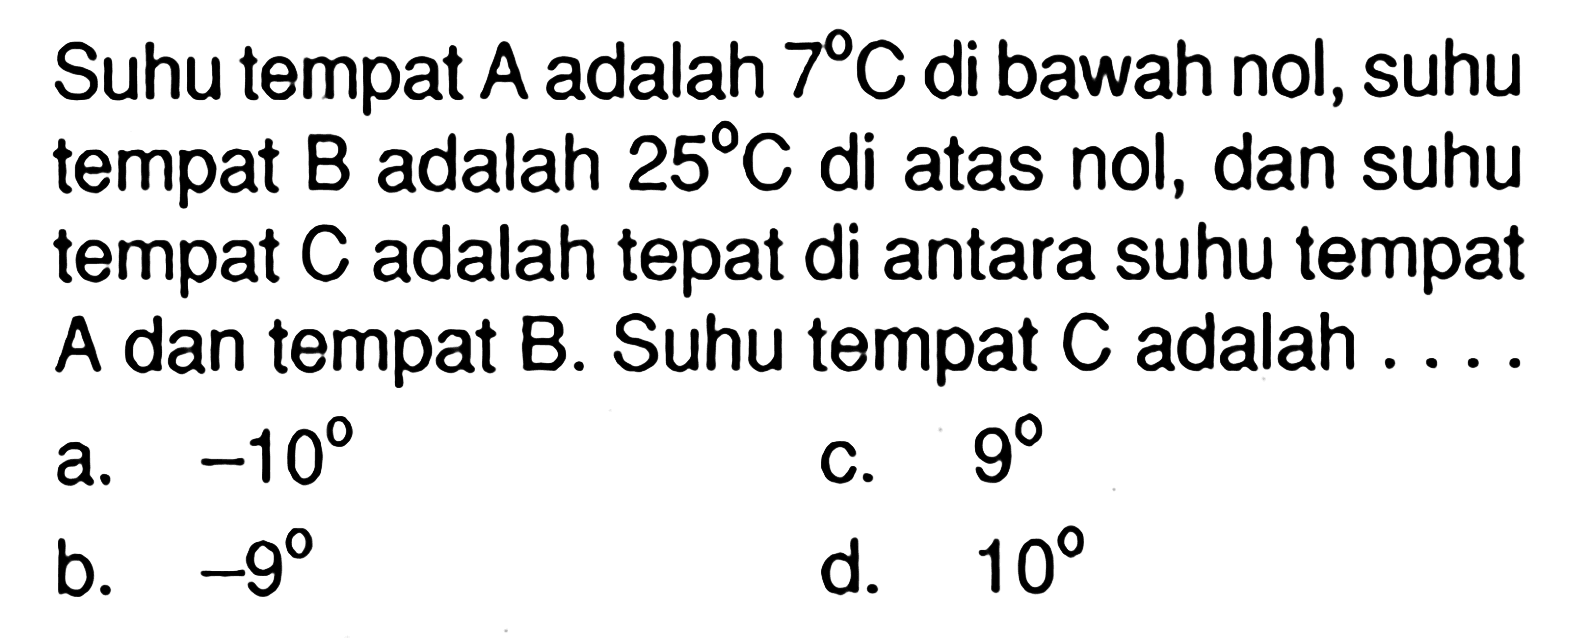 Suhu tempat A adalah 7C di bawah nol, suhu tempat B adalah 25C di atas nol, dan suhu tempat C adalah tepat di antara suhu tempat A dan tempat B. Suhu tempat C adalah... a. -10 b. -9 c. 9 d. 10
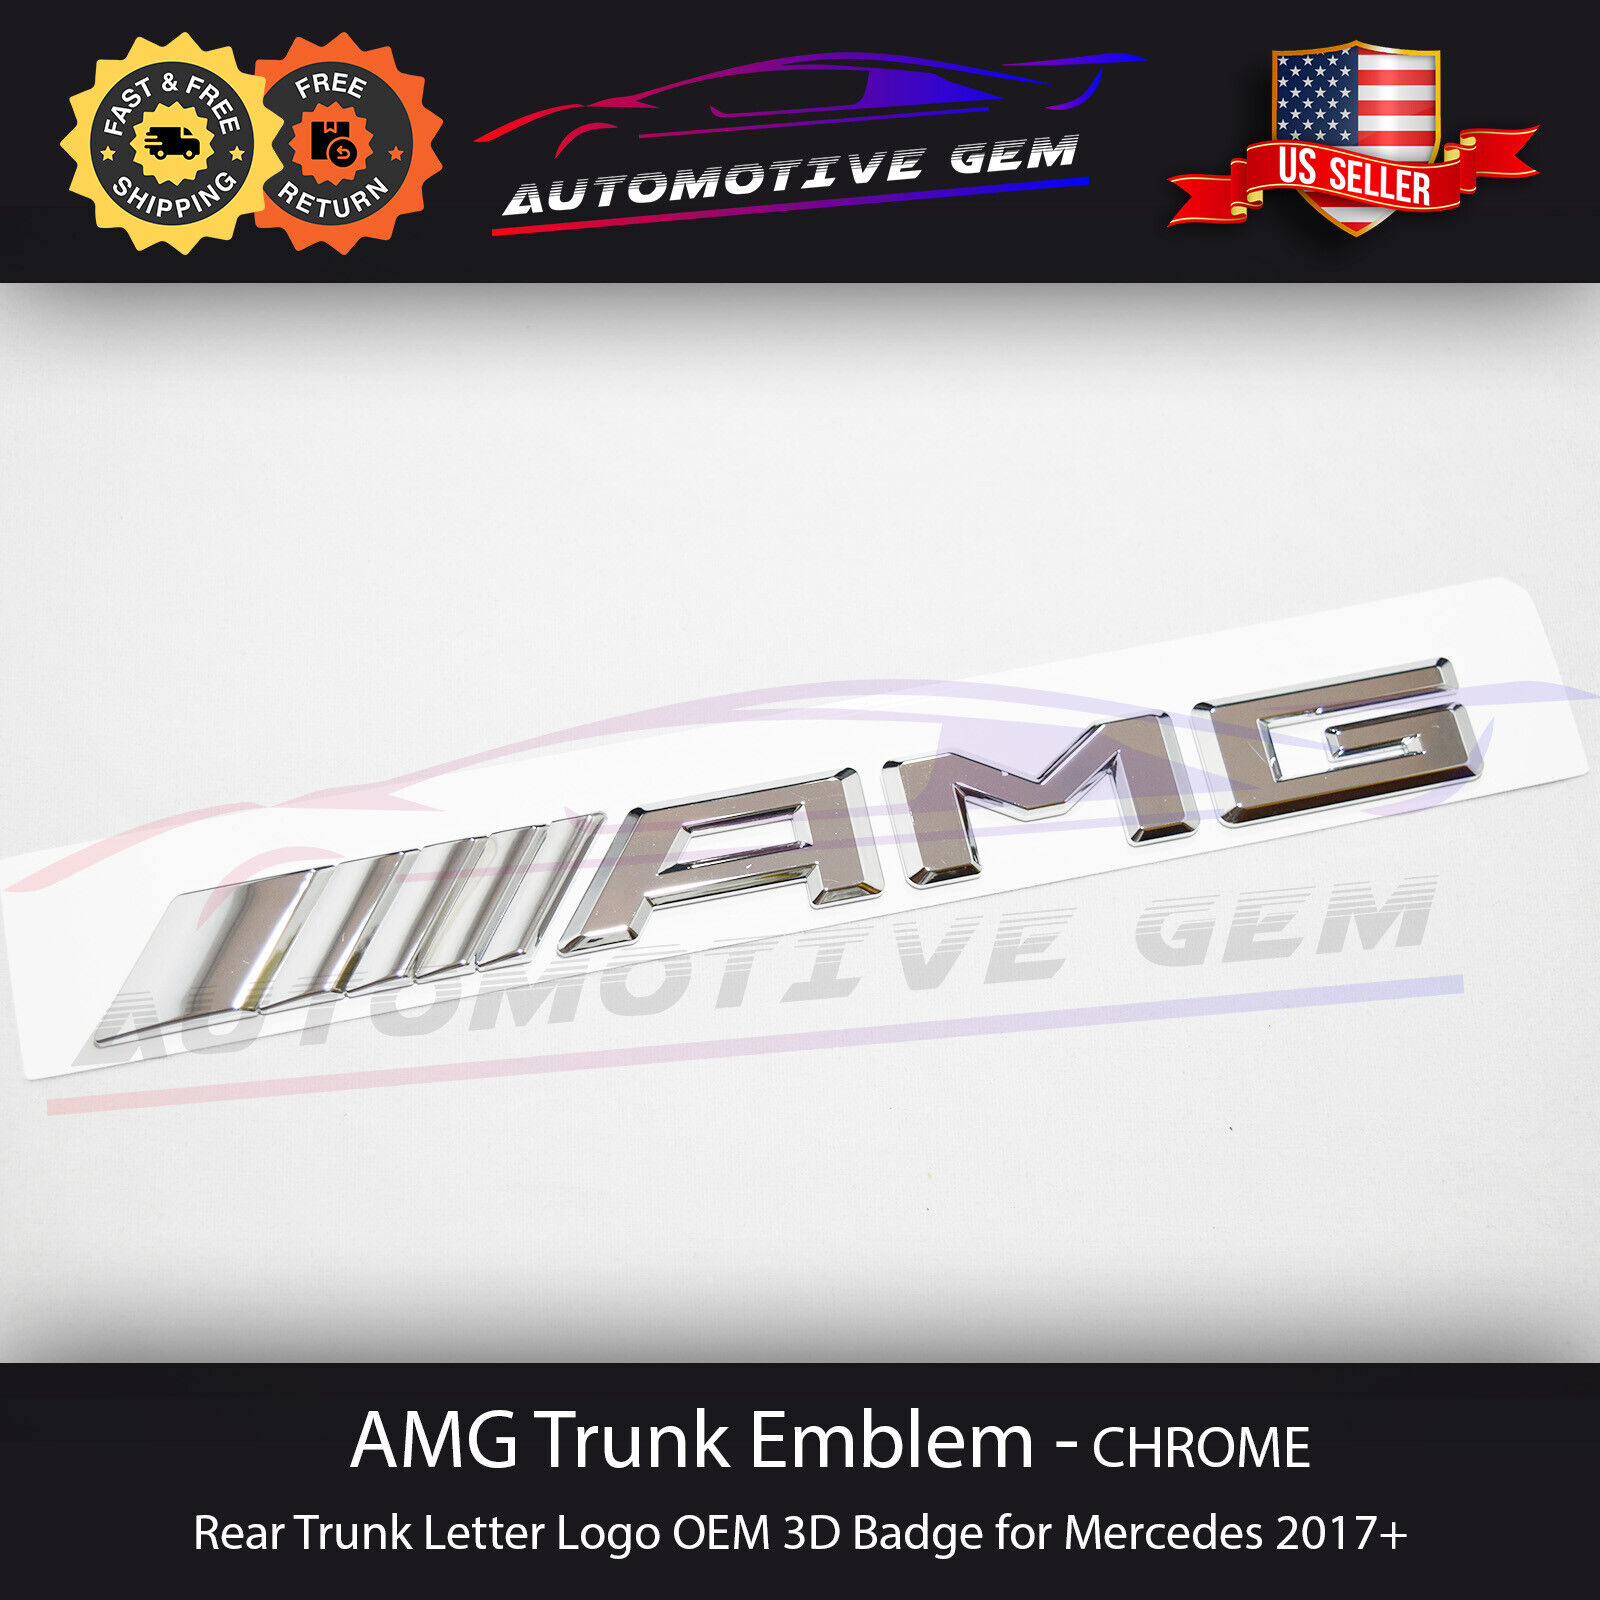 AMG Emblem Chrome Rear Trunk Letter Logo OEM 3D Badge for Mercedes 2017+
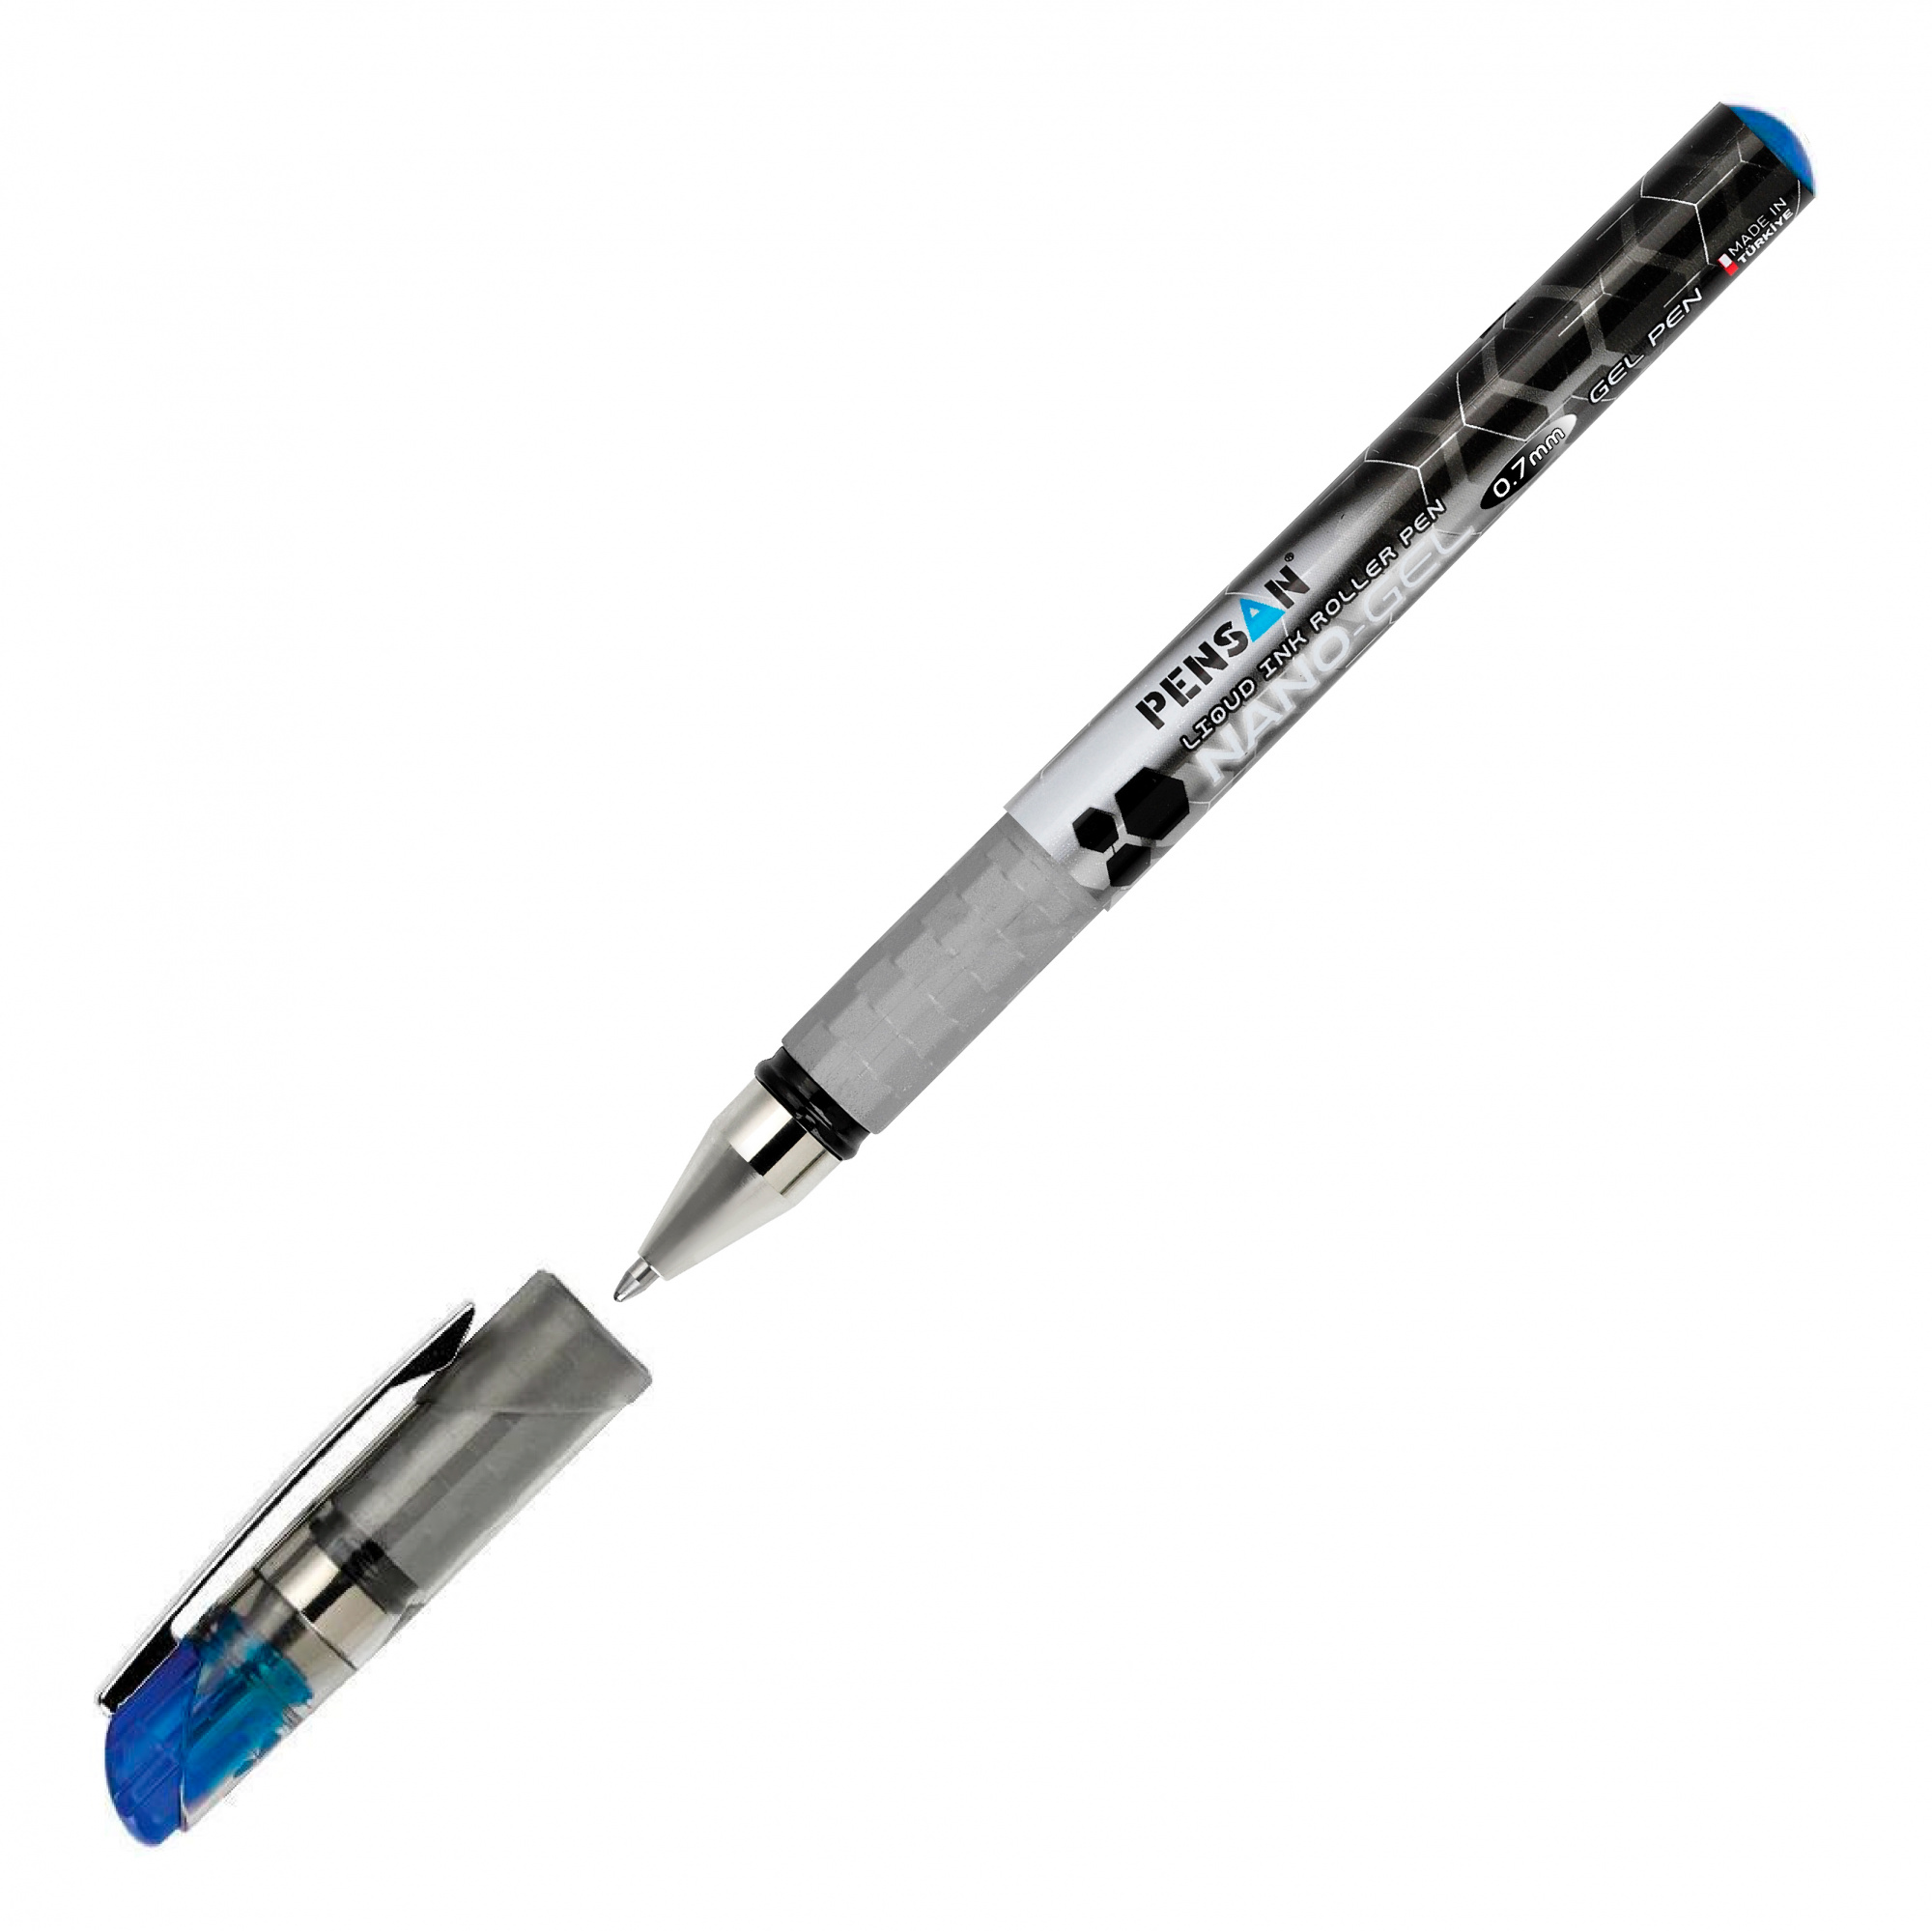 Ручка гелев. Pensan Nano Gel (6020/12BLUE) серебристый d=0.7мм син. черн. игловидный пиш. наконечник линия 0.5мм резин. манжета

• _Exercise goal_
Leave the images out. Set down all of the material above exactly.

• _Result of this exercise_
 Suhu tempat A adalah 7C di bawah nol, suhu tempat B adalah 25C di atas nol, dan suhu tempat C adalah tepat di antara suhu tempat A dan tempat B. Suhu tempat C adalah... a. -10 b. -9 c. 9 d. 10
 AMG Emblem Chrome Rear Trunk Letter Logo OEM 3D Badge for Mercedes 2017+
 Ручка гелев. Pensan Nano Gel (6020/12BLUE) серебристый d=0.7мм син. черн. игловидный пиш. наконечник линия 0.5мм резин. манжета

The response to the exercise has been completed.